[Recorded data]
════════════════

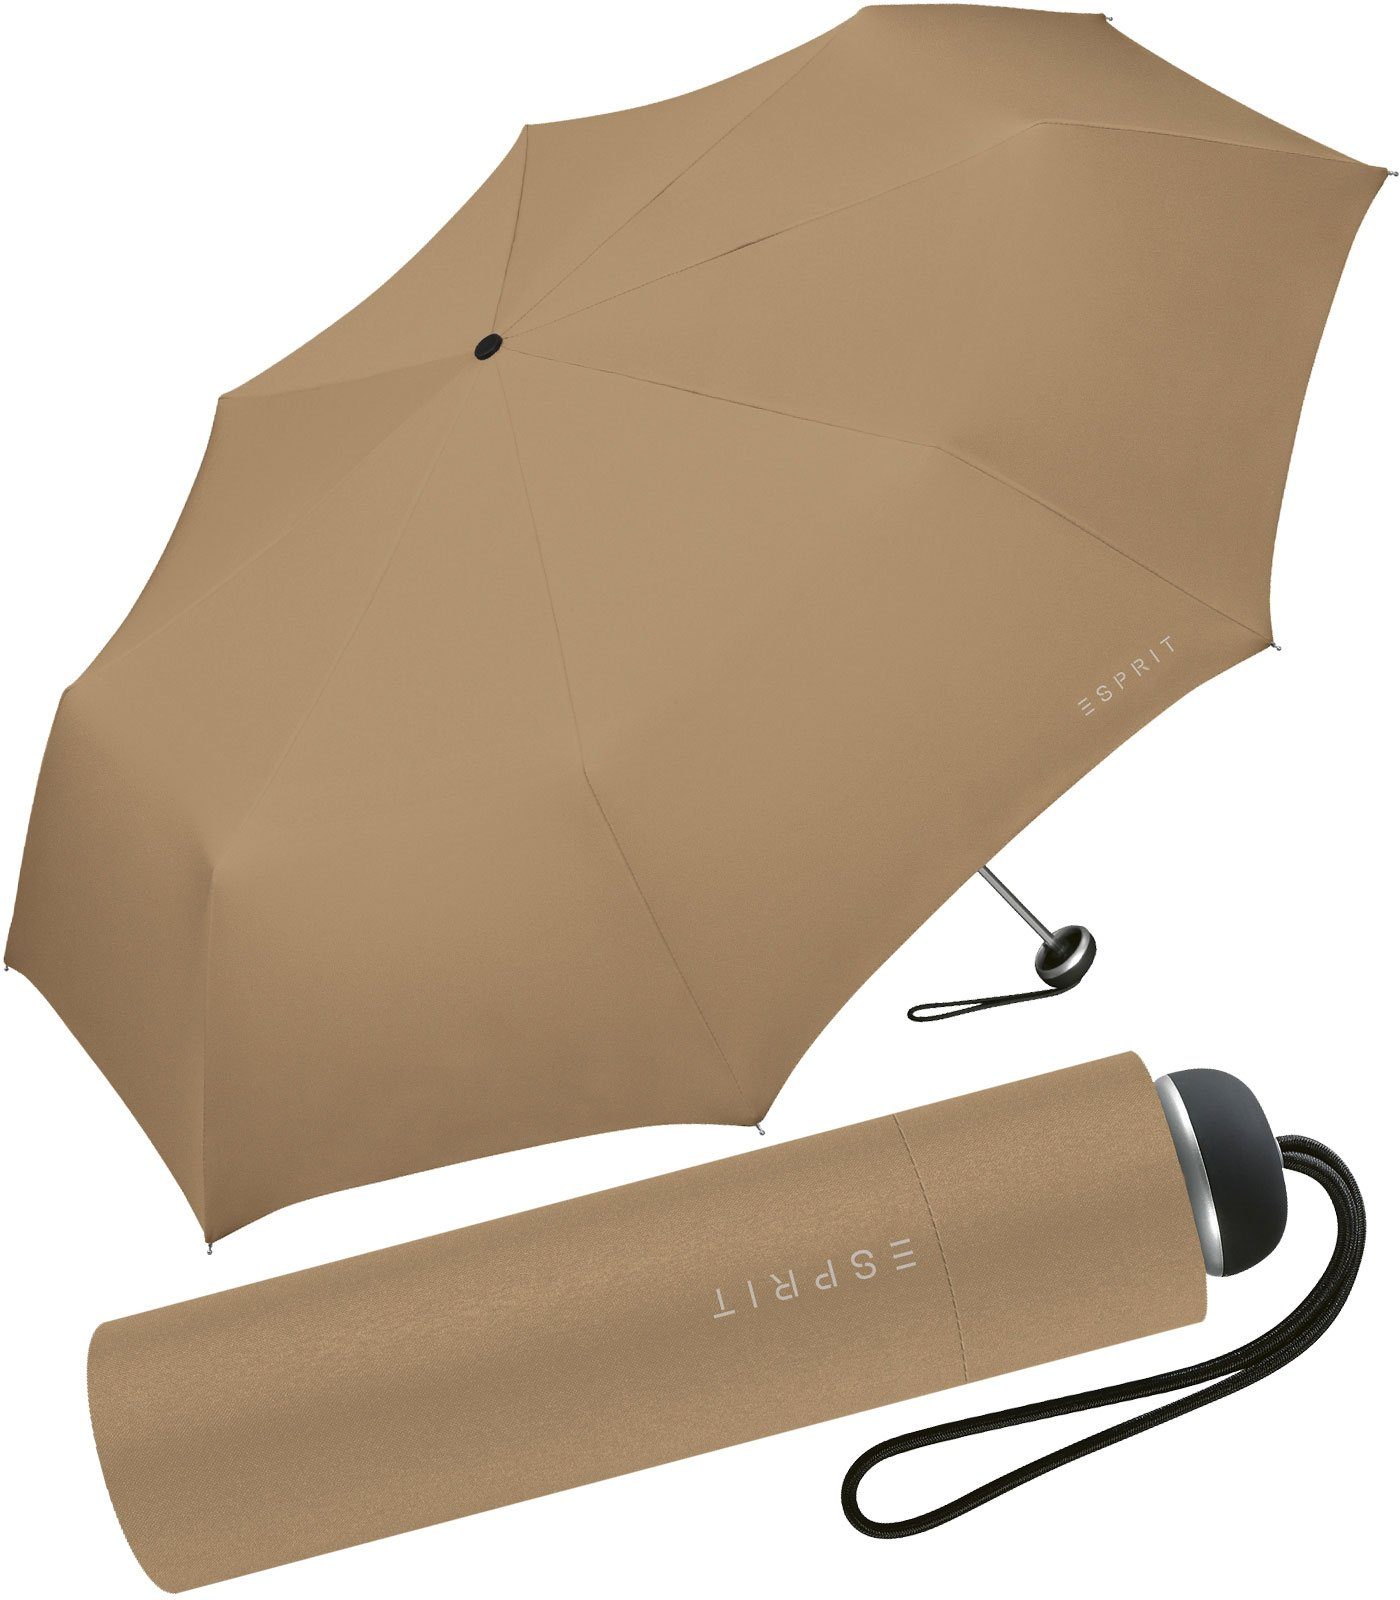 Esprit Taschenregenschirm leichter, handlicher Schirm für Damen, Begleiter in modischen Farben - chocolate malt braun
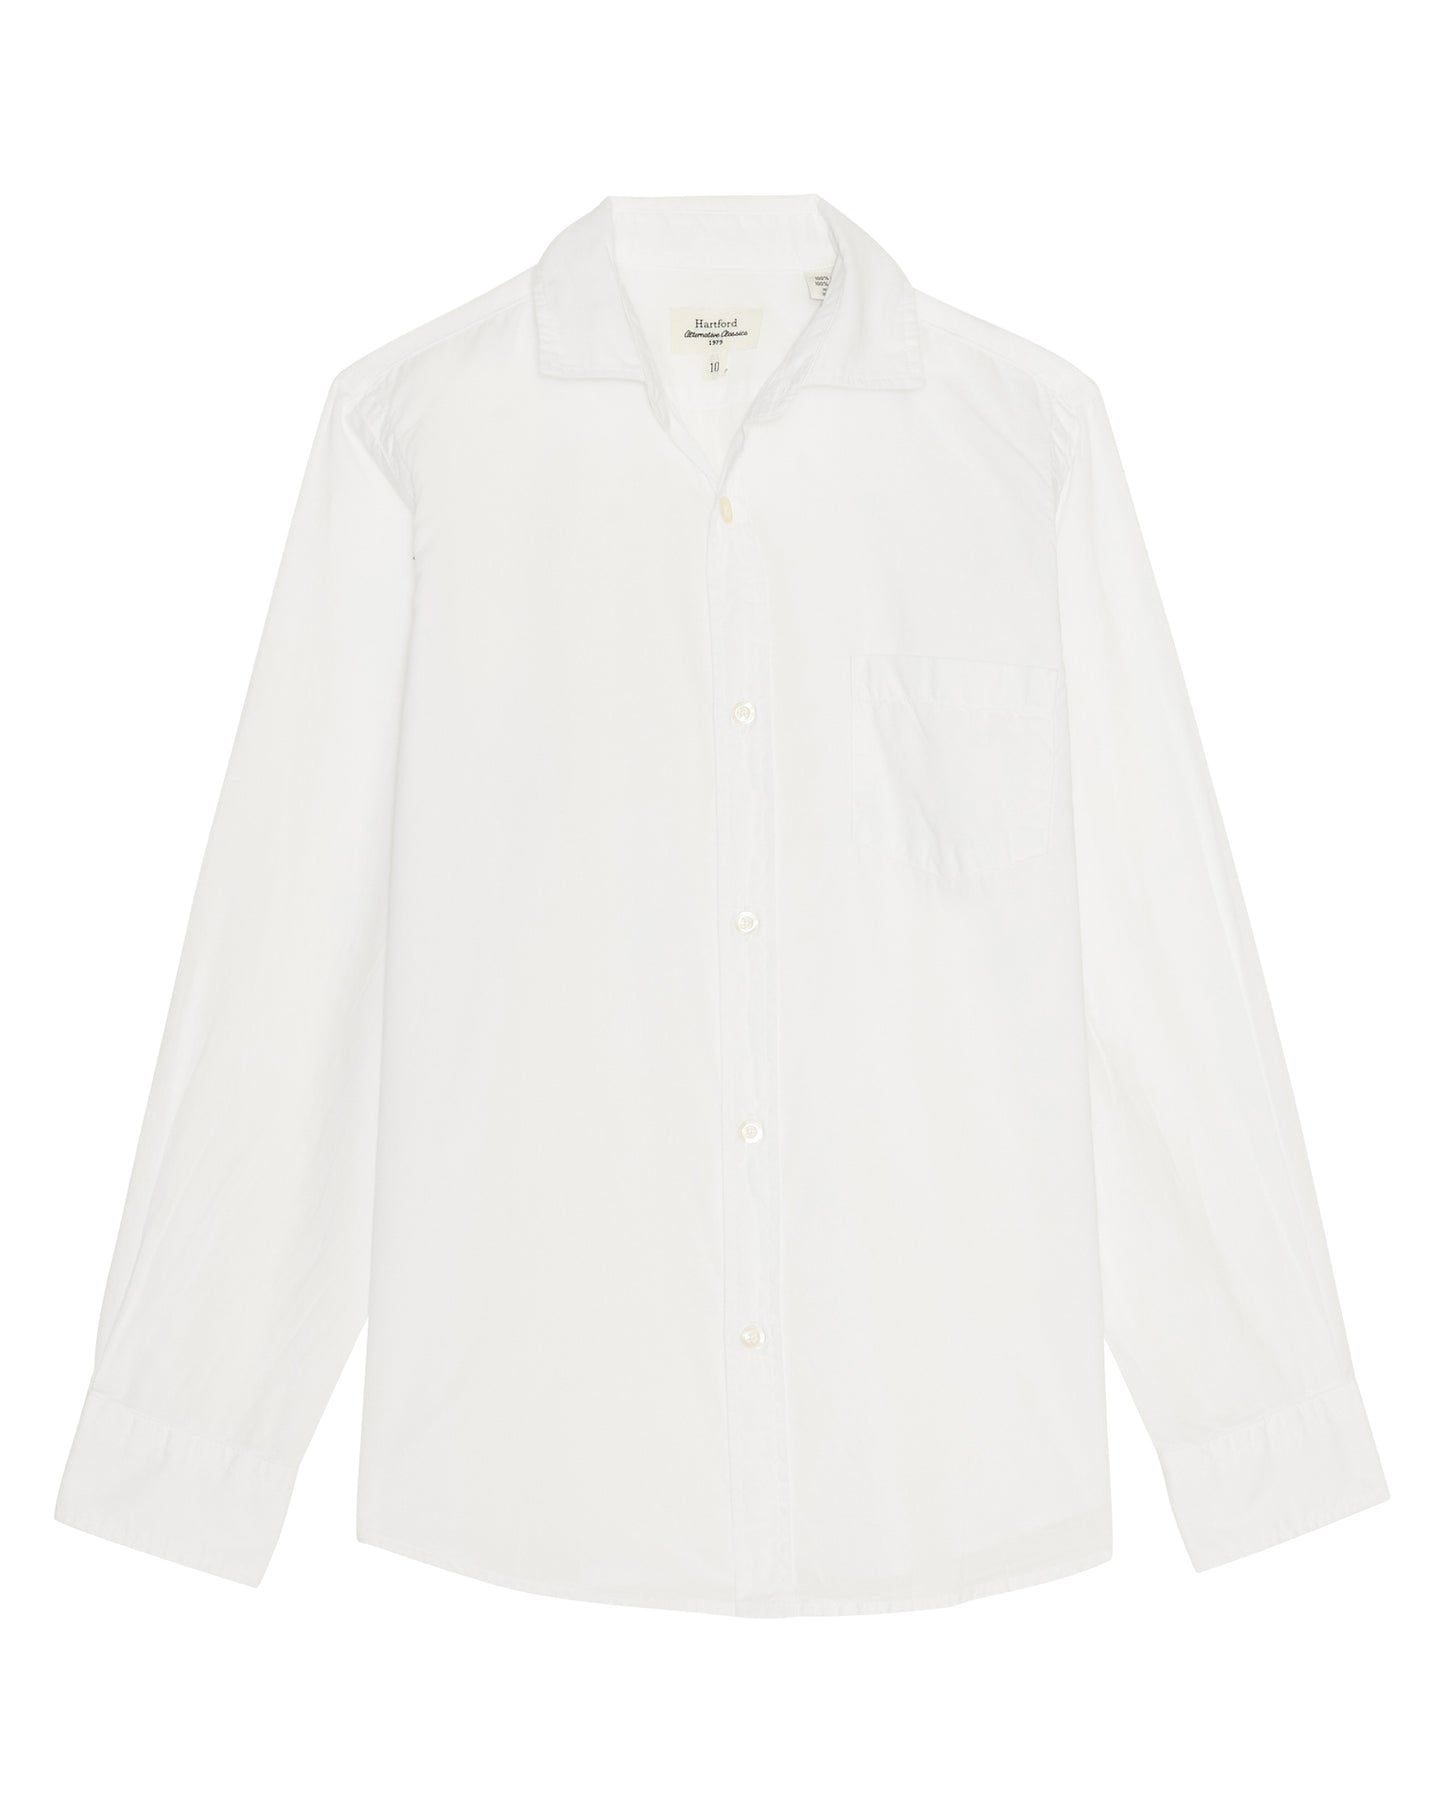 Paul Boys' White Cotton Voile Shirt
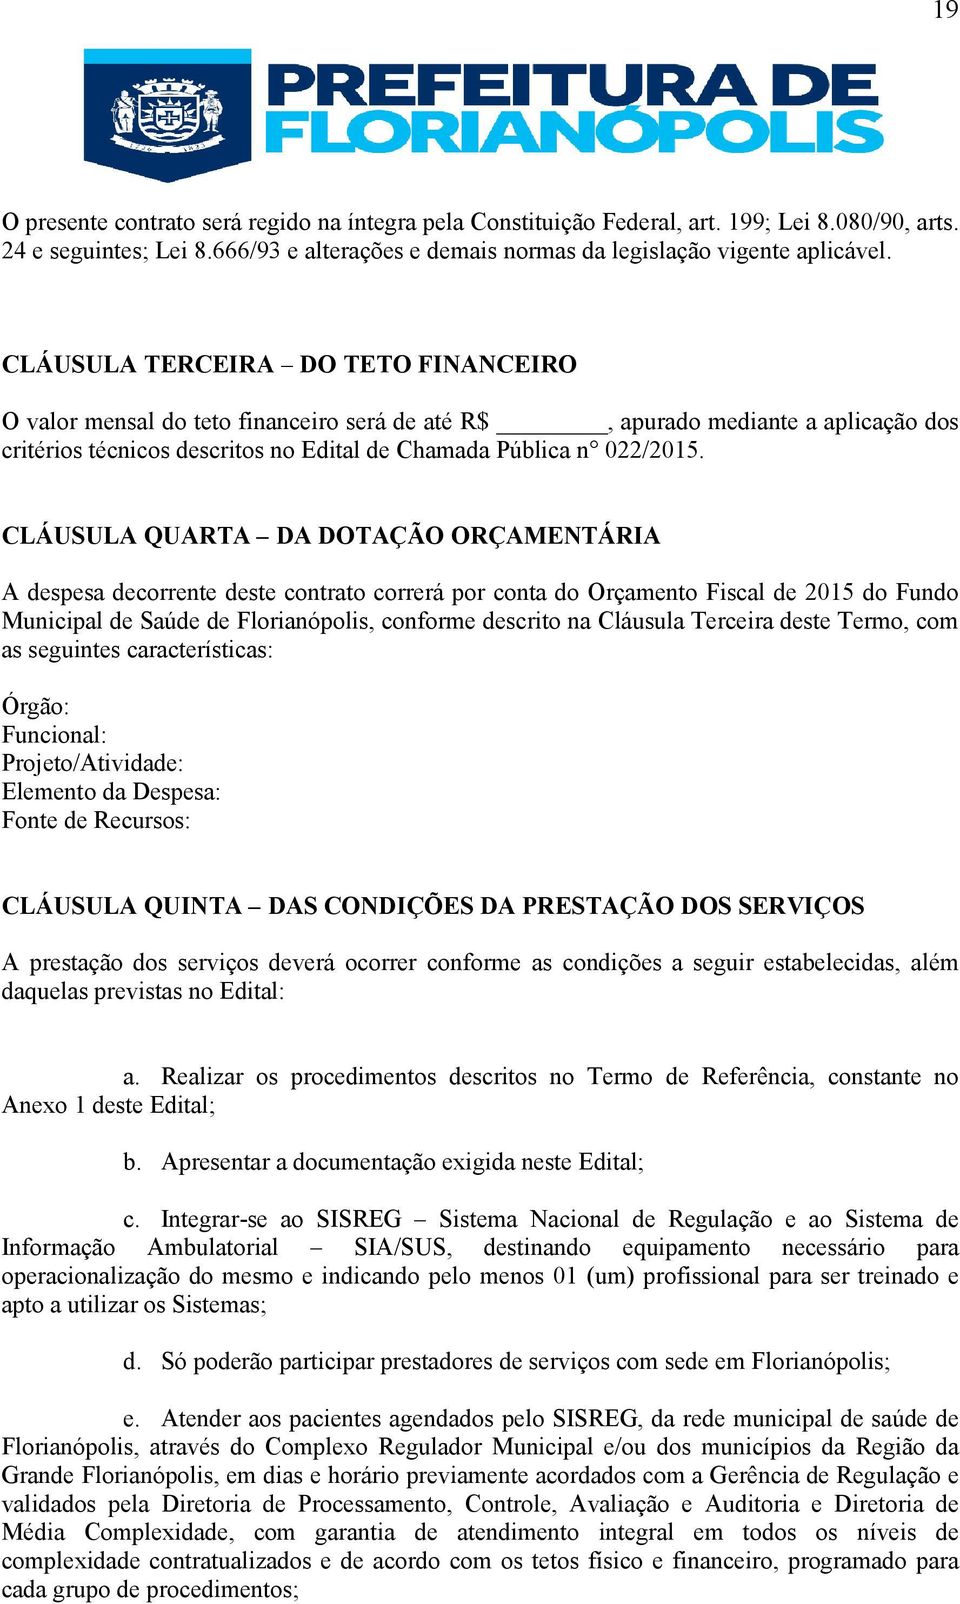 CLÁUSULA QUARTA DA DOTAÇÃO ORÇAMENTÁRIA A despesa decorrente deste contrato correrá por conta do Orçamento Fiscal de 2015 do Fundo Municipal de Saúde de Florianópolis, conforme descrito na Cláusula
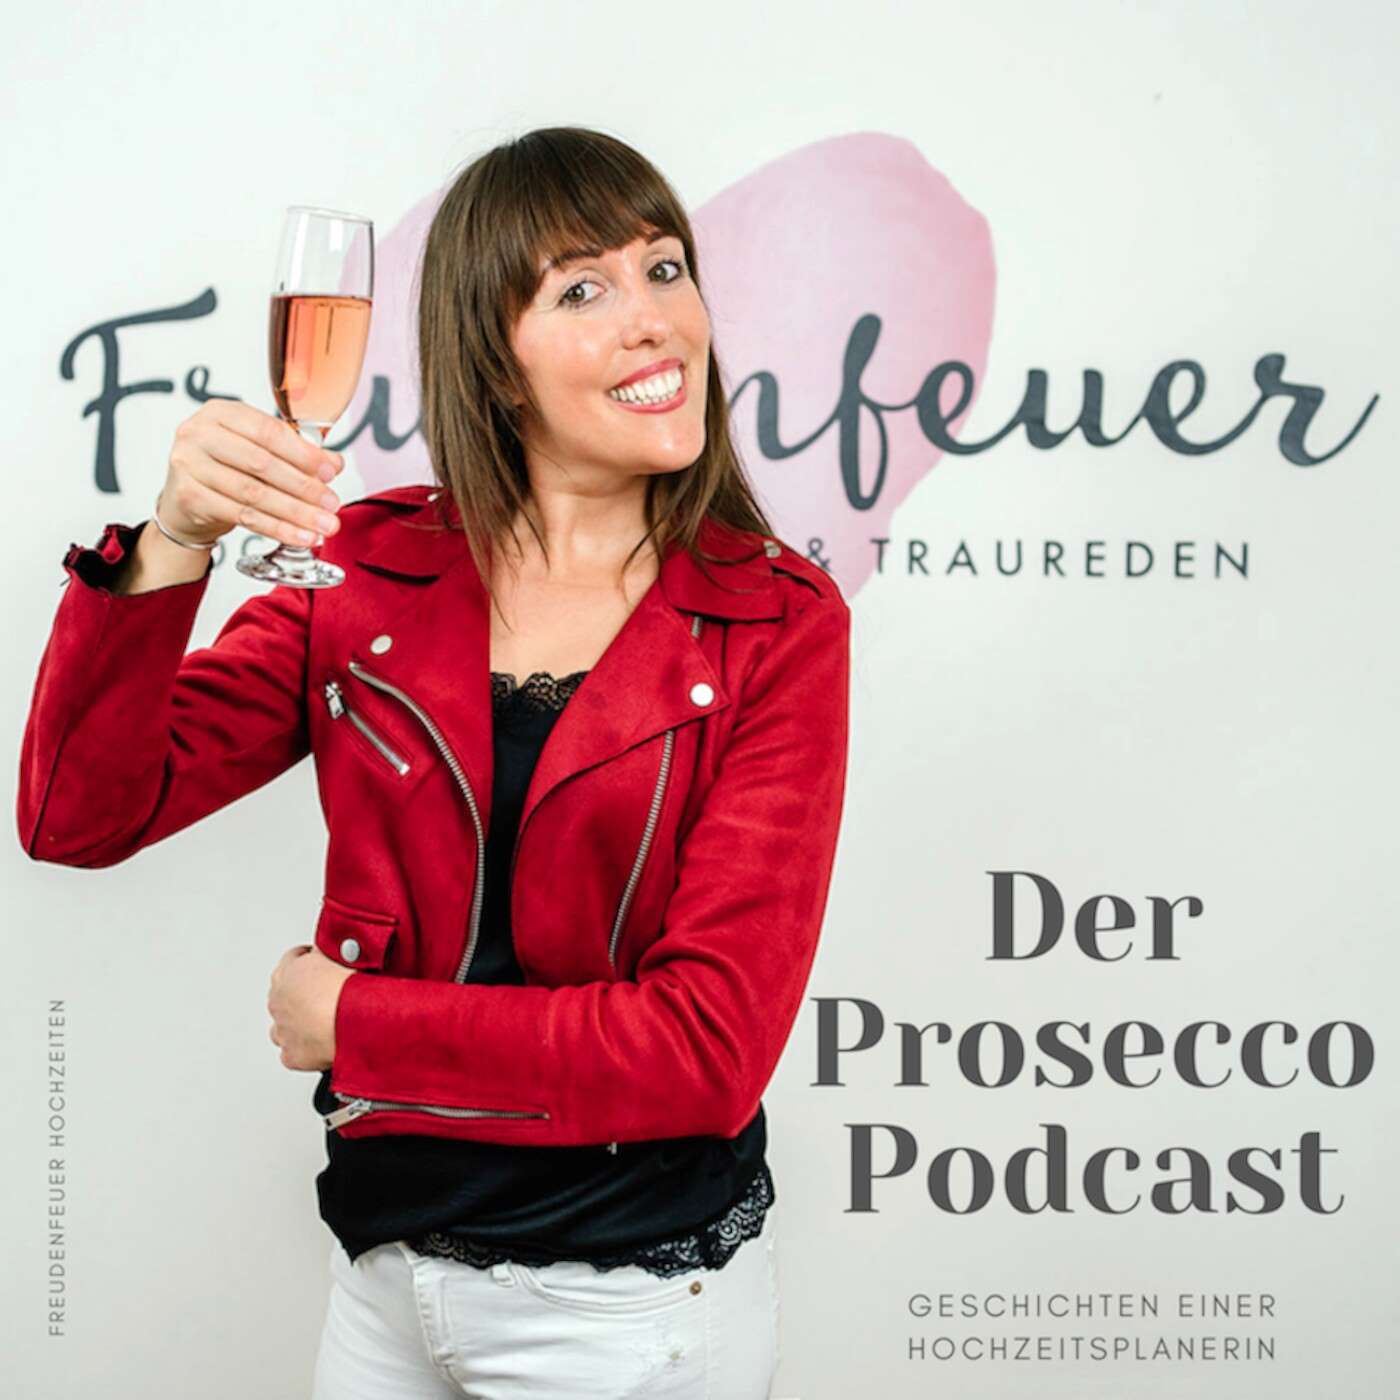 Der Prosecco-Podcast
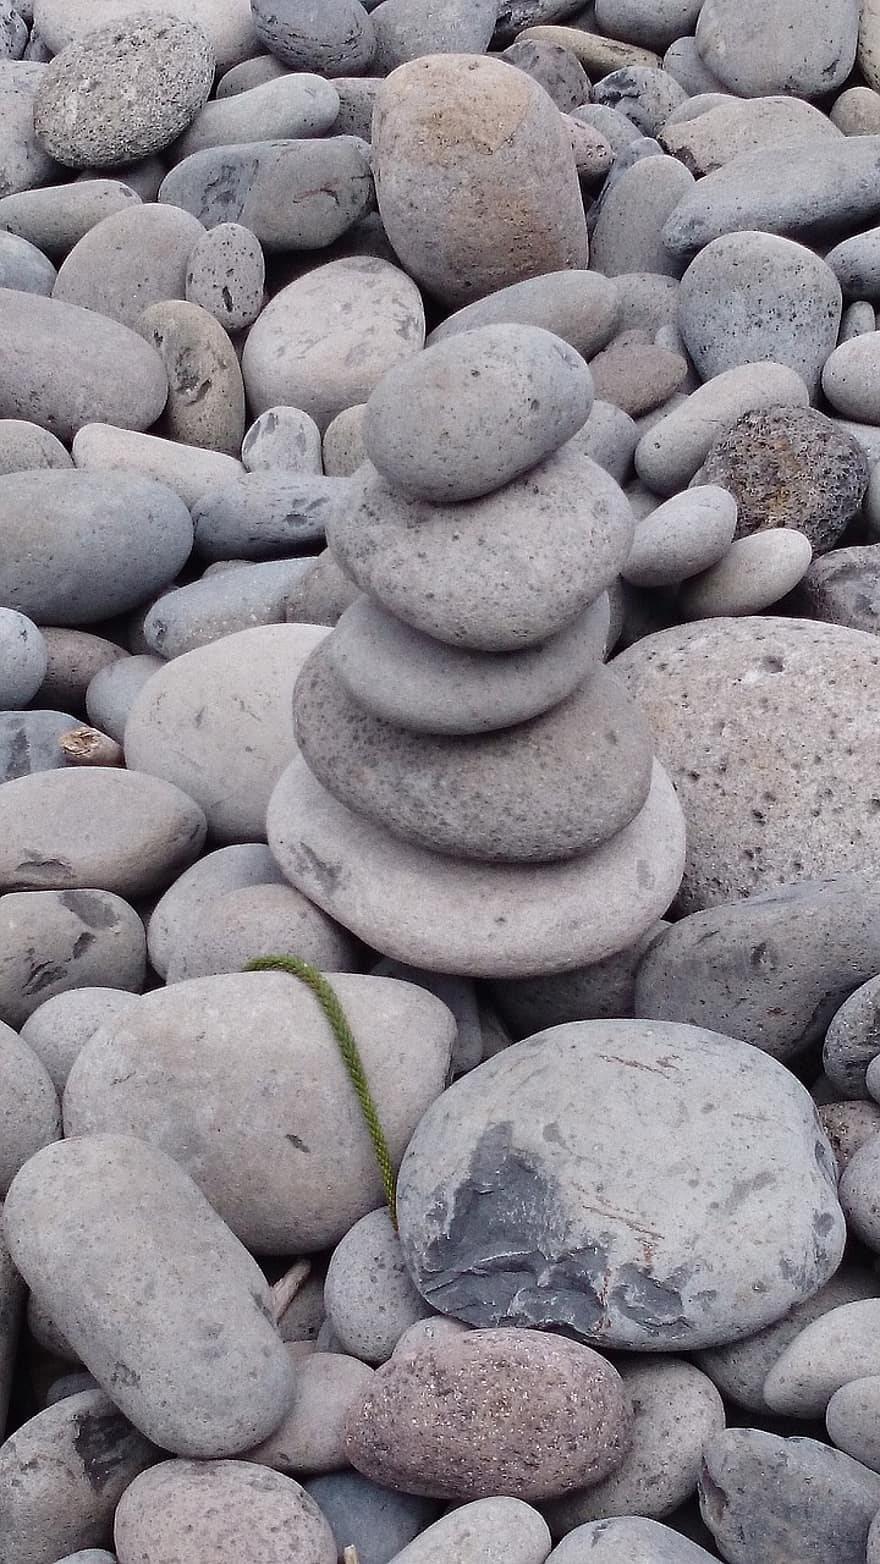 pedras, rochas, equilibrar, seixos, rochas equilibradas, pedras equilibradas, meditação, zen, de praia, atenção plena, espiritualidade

════════════════

_Goal of the exercise_:
Every entry above needs to be duplicated precisely, and none of the pictures should appear.

_Result of this task_:
 Esprit Taschenregenschirm leichter, handlicher Schirm für Damen, Begleiter in modischen Farben - chocolate malt braun
 Paul Boys' White Cotton Voile Shirt
 CLÁUSULA QUARTA DA DOTAÇÃO ORÇAMENTÁRIA A despesa decorrente deste contrato correrá por conta do Orçamento Fiscal de 2015 do Fundo Municipal de Saúde de Florianópolis, conforme descrito na Cláusula
 Der Prosecco-Podcast
 pedras, rochas, equilibrar, seixos, rochas equilibradas, pedras equilibradas, meditação, zen, de praia, atenção plena, espiritualidade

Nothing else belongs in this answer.